WHAT TO PRODUCE →
Transcribe the listing underneath, keeping each word exact and omitting the images.
-------- MATERIAL PROVIDED
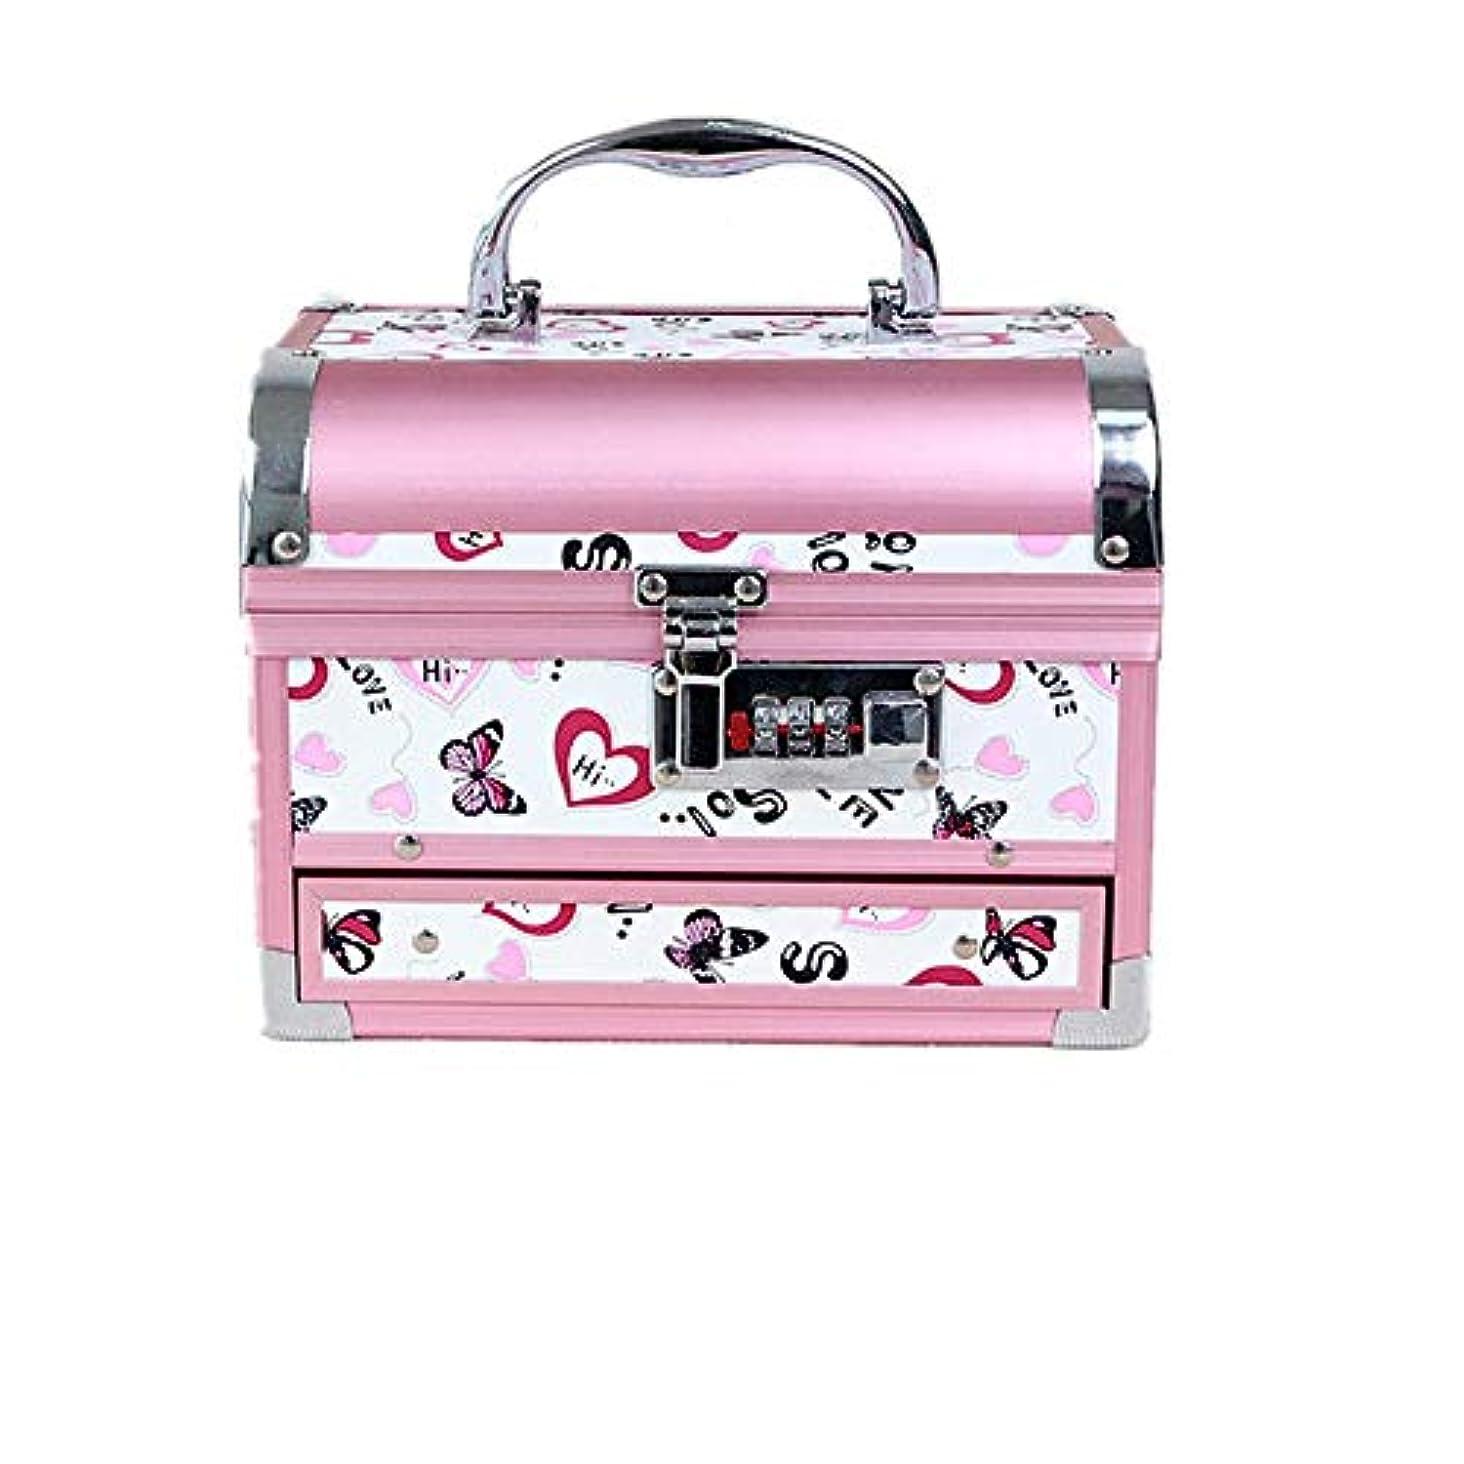 間ヤング十年化粧オーガナイザーバッグ かわいいパターンポータブル化粧品ケーストラベルアクセサリーシャンプーボディウォッシュパーソナルアイテムストレージロックと拡張トレイ 化粧品ケース
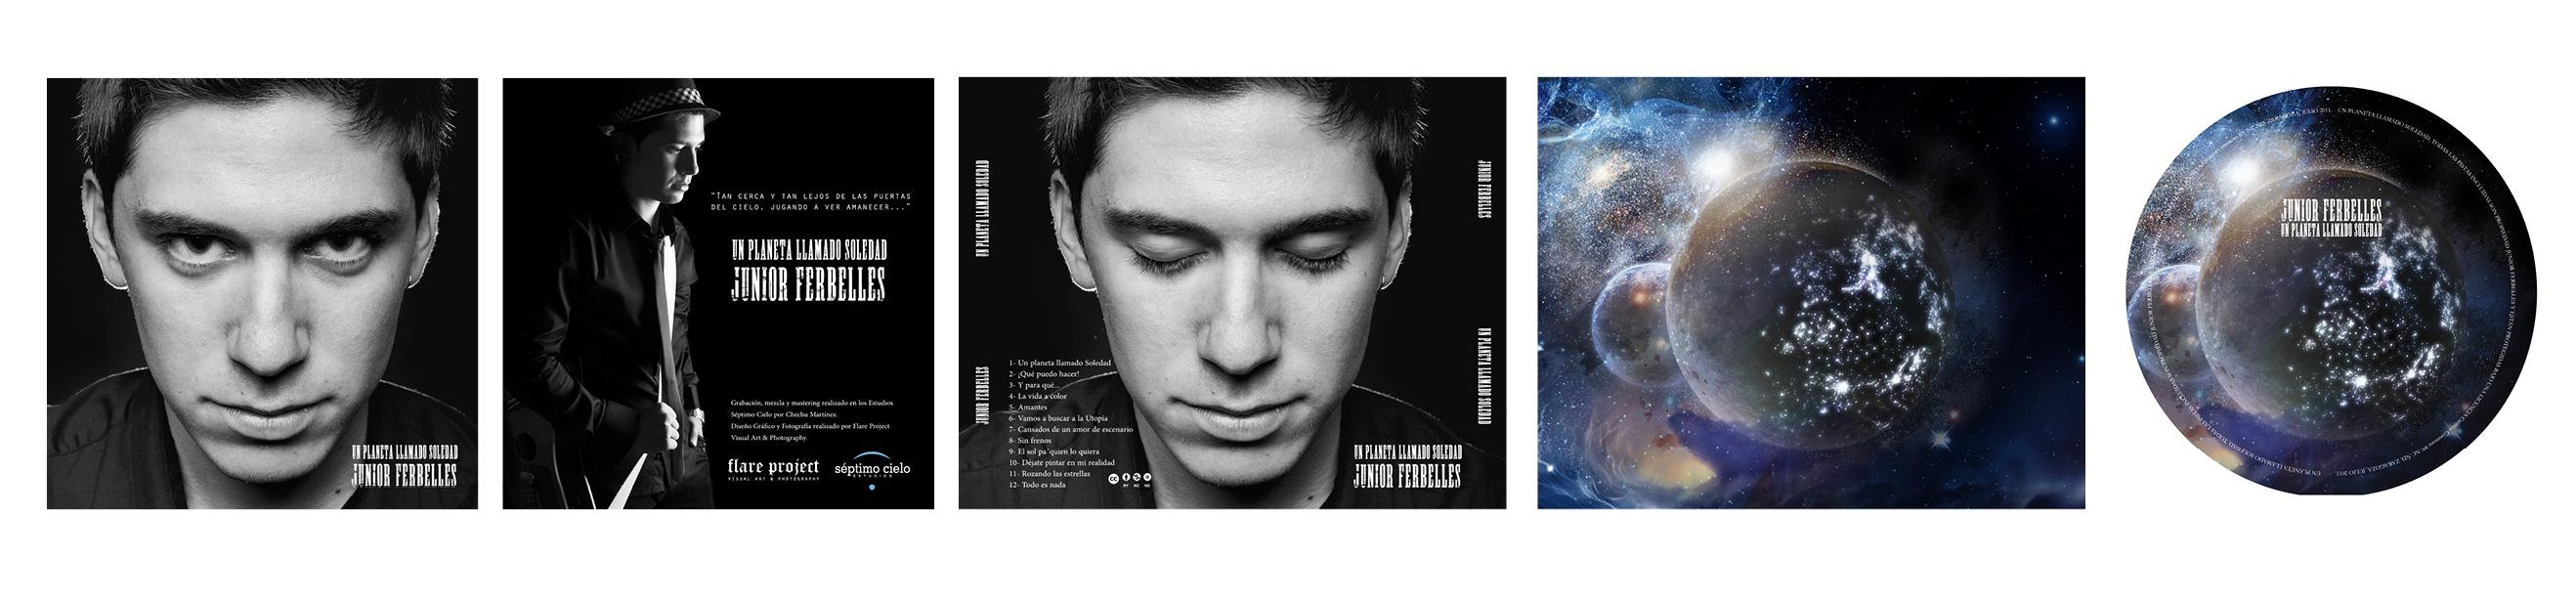 FOTOGRAFÍA Y DISEÑO DE CDS MUSICALES
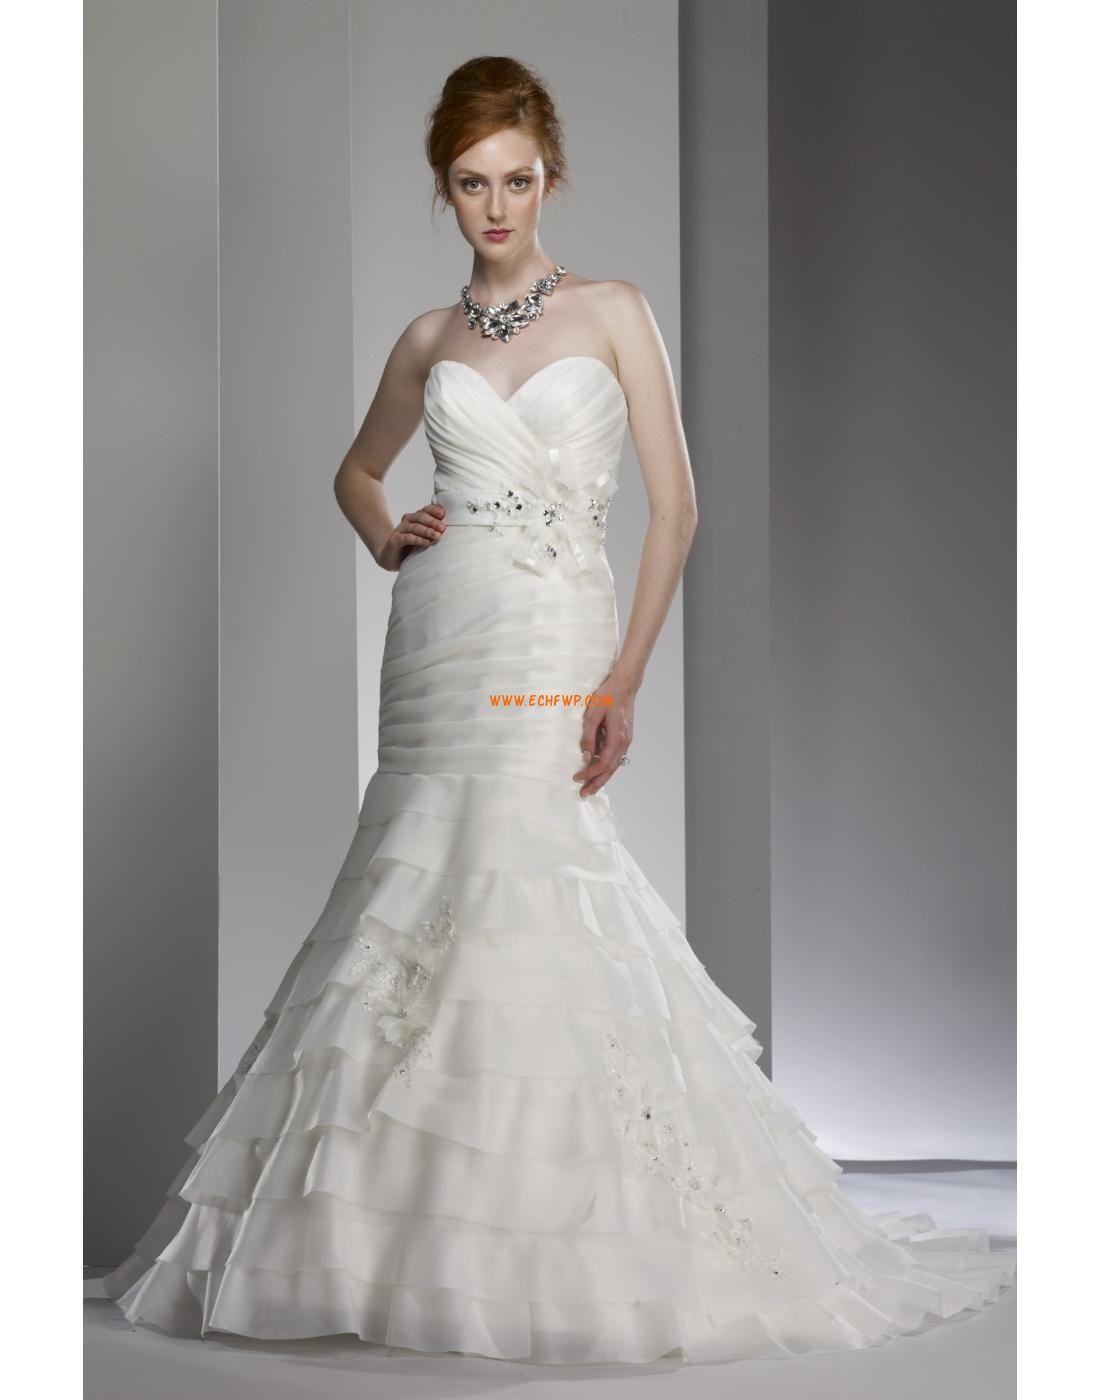 Herz-Ausschnitt Tülle 3/4 Arm Brautkleider 2014 | Billig ...
----------------
TASK RESPONSE →
 間ヤング十年化粧オーガナイザーバッグ かわいいパターンポータブル化粧品ケーストラベルアクセサリーシャンプーボディウォッシュパーソナルアイテムストレージロックと拡張トレイ 化粧品ケース
 FOTOGRAFÍA Y DISEÑO DE CDS MUSICALES
 Herz-Ausschnitt Tülle 3/4 Arm Brautkleider 2014 | Billig ...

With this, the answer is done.